3. The preparation method of the anti-skid antibacterial ceramic tile according to claim 2, wherein the doped metal ions in the nanoparticles are one or more of cerium ions, lanthanum ions, iron ions, silver ions or cobalt ions, and the mass of the doped metal ions is 0.5-1.5% of the mass of the nanoparticles.

4. The method for preparing anti-slip antibacterial ceramic tile according to claim 1, characterized in that the content of the nano-particles in the suspension is 1-20 wt.%.

5. The method for preparing the anti-slip antibacterial ceramic tile according to claim 1, wherein the solvent is one of water, ethanol, acetonitrile or ethyl acetate.

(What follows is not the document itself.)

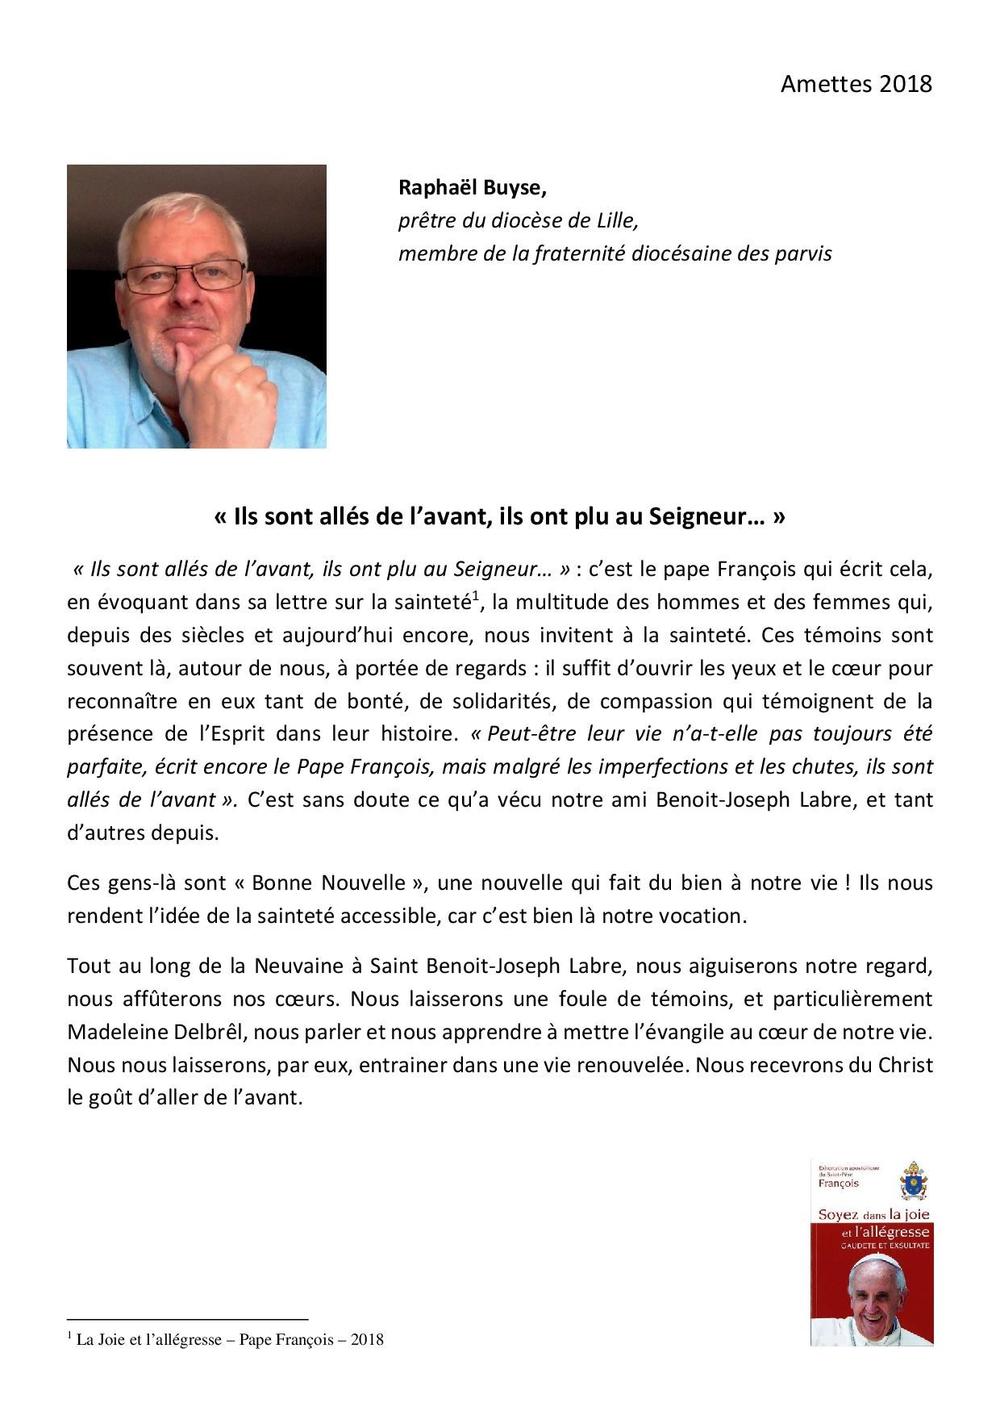 tract Amettes aout 2018 p2

6. The method of claim 1, wherein the surfactant is one of n-heptanol, cetyl trimethyl ammonium bromide, sodium dodecyl sulfate, sodium tridecyl sulfate, sodium tetradecyl sulfate, sodium pentadecyl sulfate, sodium hexadecyl sulfate, sodium heptadecyl sulfate, sodium octadecyl sulfate, sodium stearate, glycerol fatty acid ester, and sodium dioctyl sulfosuccinate.

7. The method for preparing the anti-slip antibacterial tile according to claim 1, wherein the surfactant is added in an amount of 0.1-20% by mass of the suspension.

8. The method for preparing anti-slip and antibacterial ceramic tile according to claim 1, wherein the preliminary firing temperature is 650-1000 ℃, the preliminary firing time is 1-10min, the firing temperature is 800-1350 ℃, and the firing time is 10-120 s.

9. The method for preparing an anti-slip antibiotic ceramic tile according to claim 1, wherein the content of the nano particles on the surface of the ceramic tile is 1-50g per square meter.